• [WHAT IS REQUIRED]:
The task calls for each record to be given again unchanged, minus any pictures.
▼▼▼
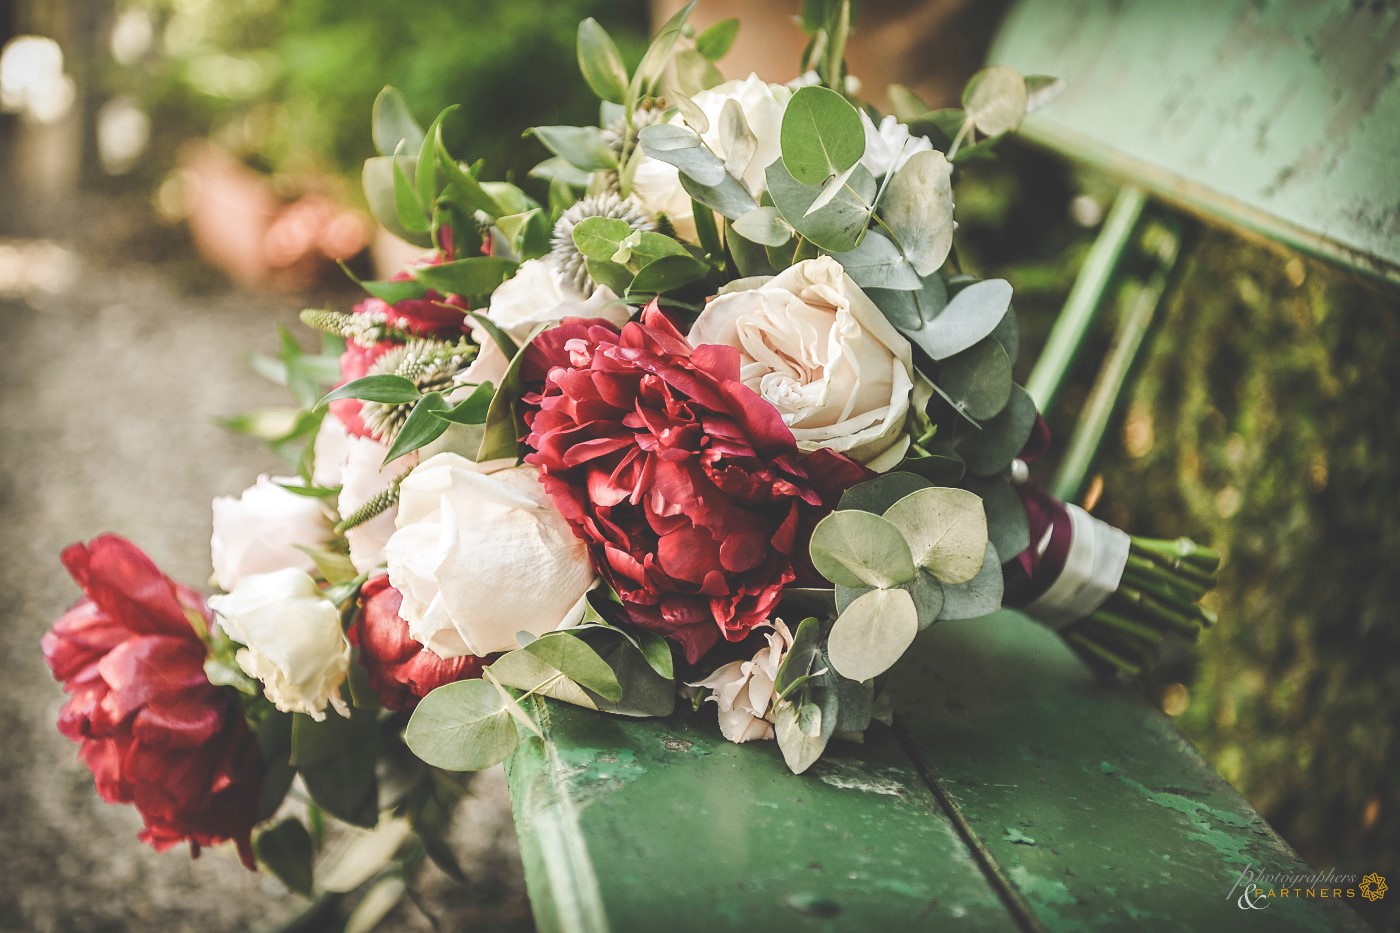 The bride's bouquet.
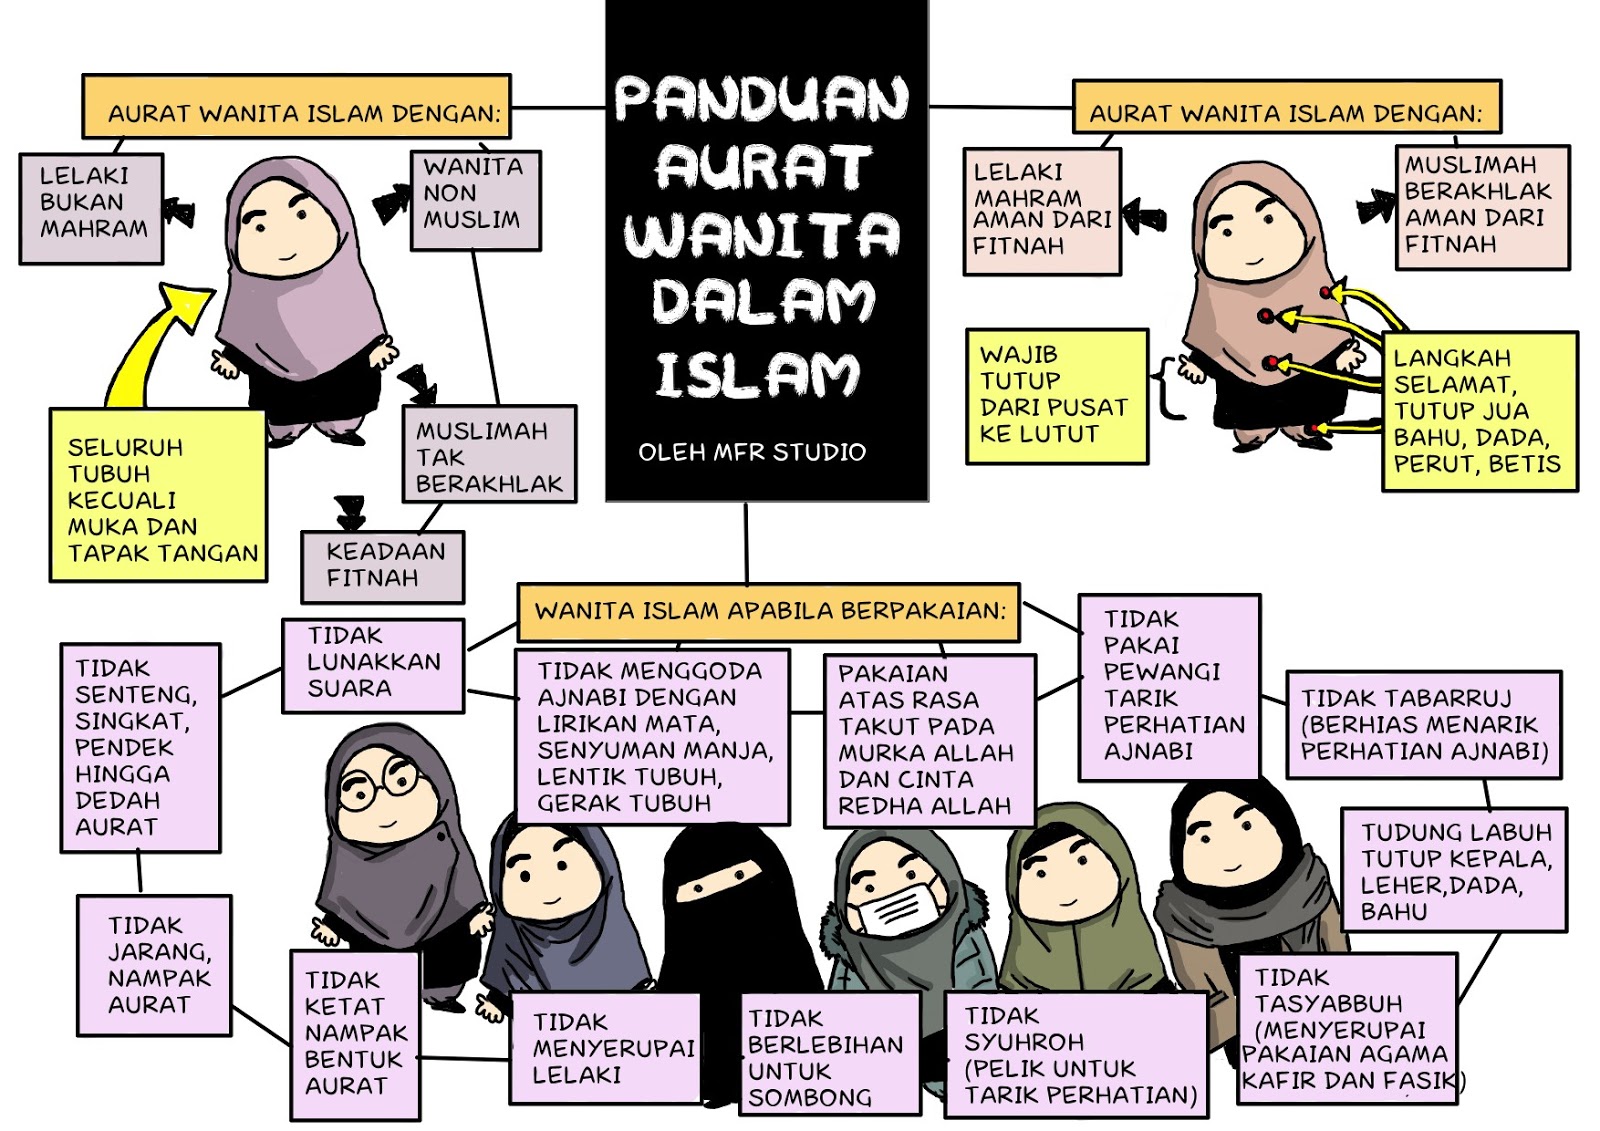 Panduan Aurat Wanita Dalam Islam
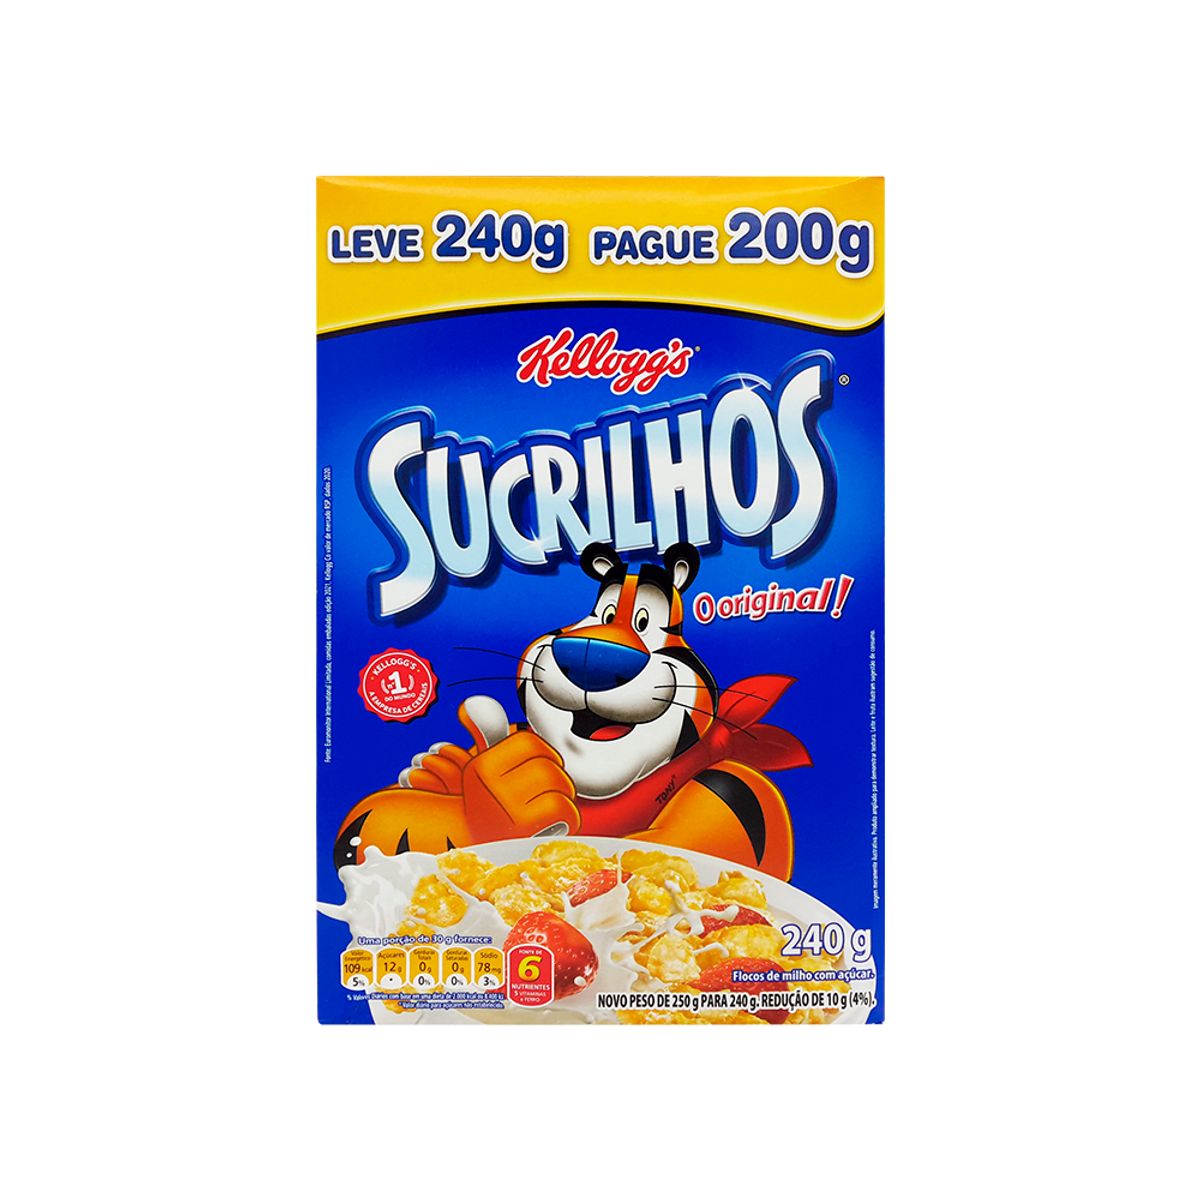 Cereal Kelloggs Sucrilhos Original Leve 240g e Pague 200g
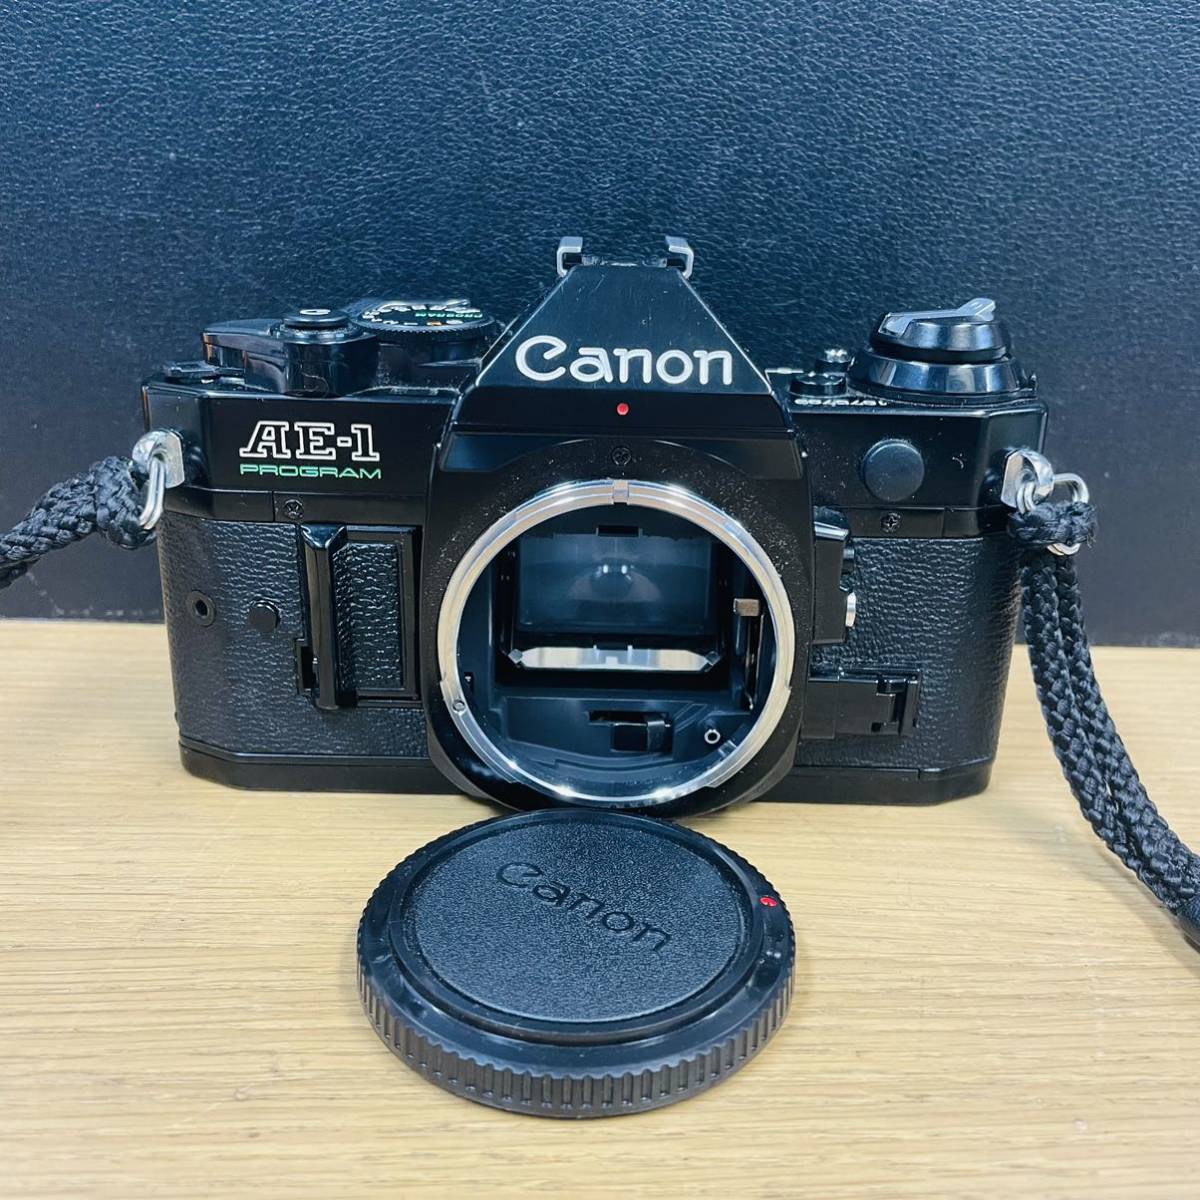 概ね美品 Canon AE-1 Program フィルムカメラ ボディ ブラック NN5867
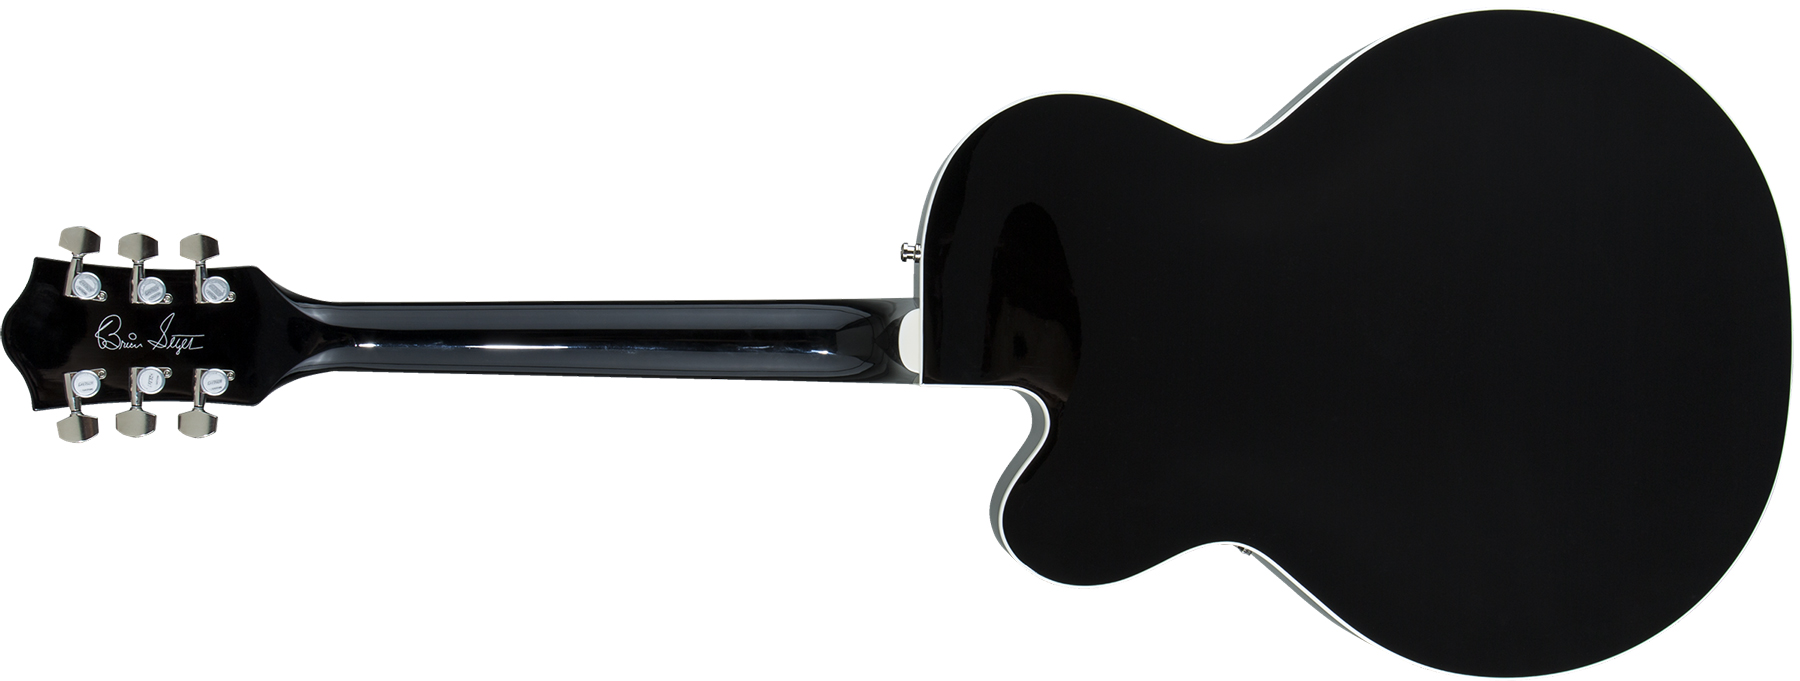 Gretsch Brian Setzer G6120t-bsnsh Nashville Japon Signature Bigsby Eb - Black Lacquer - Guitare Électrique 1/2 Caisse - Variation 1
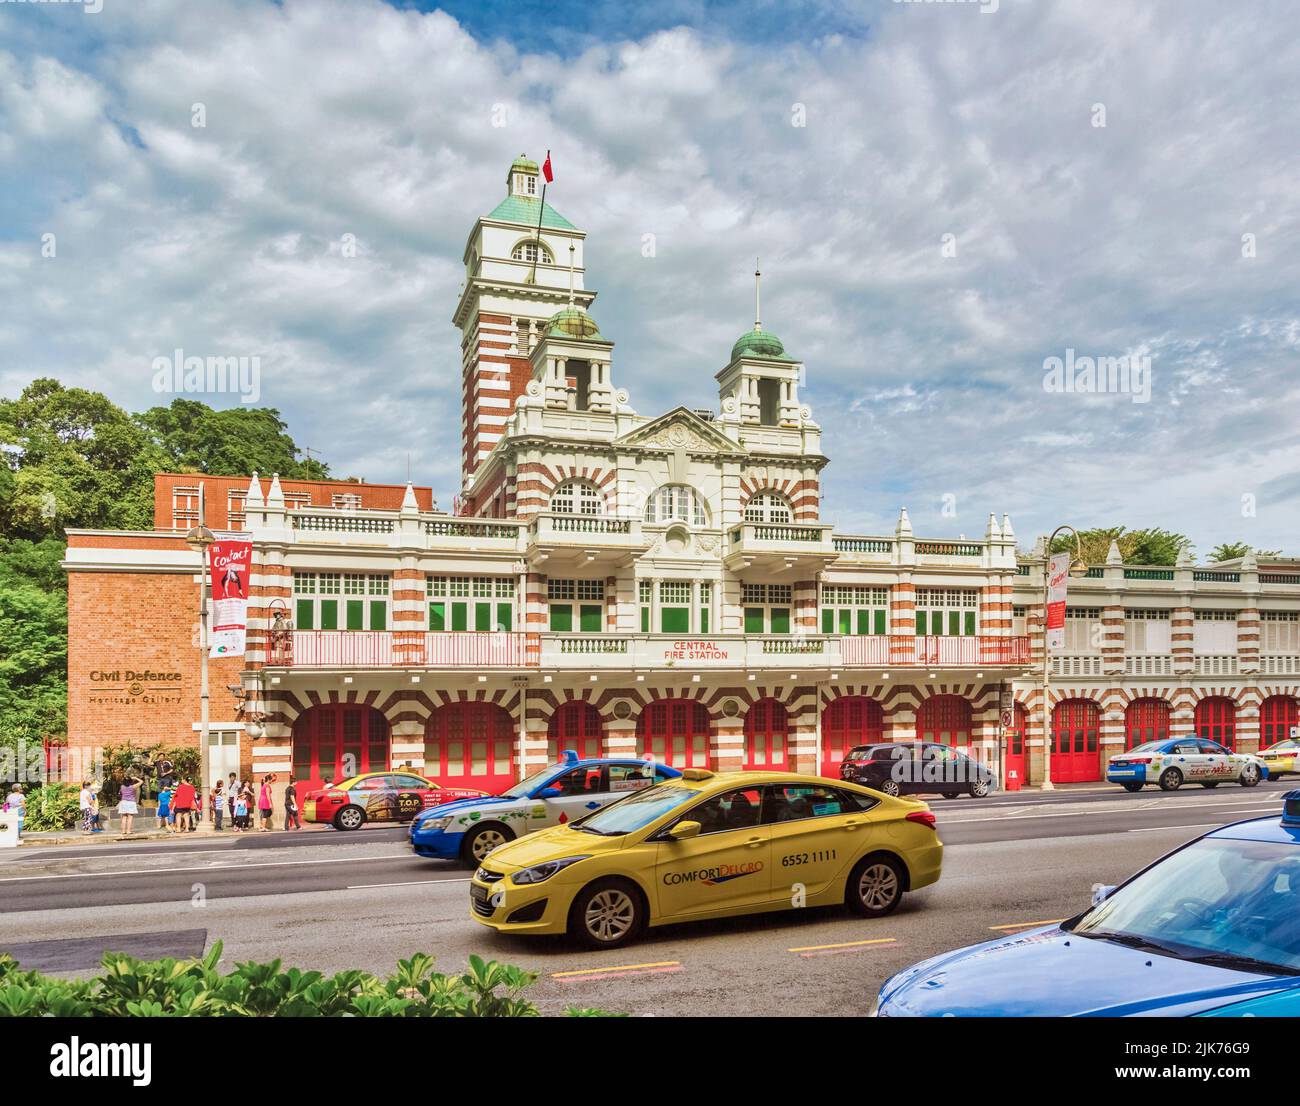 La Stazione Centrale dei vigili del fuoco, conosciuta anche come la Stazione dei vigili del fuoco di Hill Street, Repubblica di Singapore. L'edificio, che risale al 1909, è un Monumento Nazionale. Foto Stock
▲▲▲
• [RESPONSE TO THIS TASK]:
 The bride's bouquet.
 Panduan Aurat Wanita Dalam Islam
 Cereal Kelloggs Sucrilhos Original Leve 240g e Pague 200g
 概ね美品 Canon AE-1 Program フィルムカメラ ボディ ブラック NN5867
 Gretsch Brian Setzer G6120t-bsnsh Nashville Japon Signature Bigsby Eb - Black Lacquer - Guitare Électrique 1/2 Caisse - Variation 1
 La Stazione Centrale dei vigili del fuoco, conosciuta anche come la Stazione dei vigili del fuoco di Hill Street, Repubblica di Singapore. L'edificio, che risale al 1909, è un Monumento Nazionale. Foto Stock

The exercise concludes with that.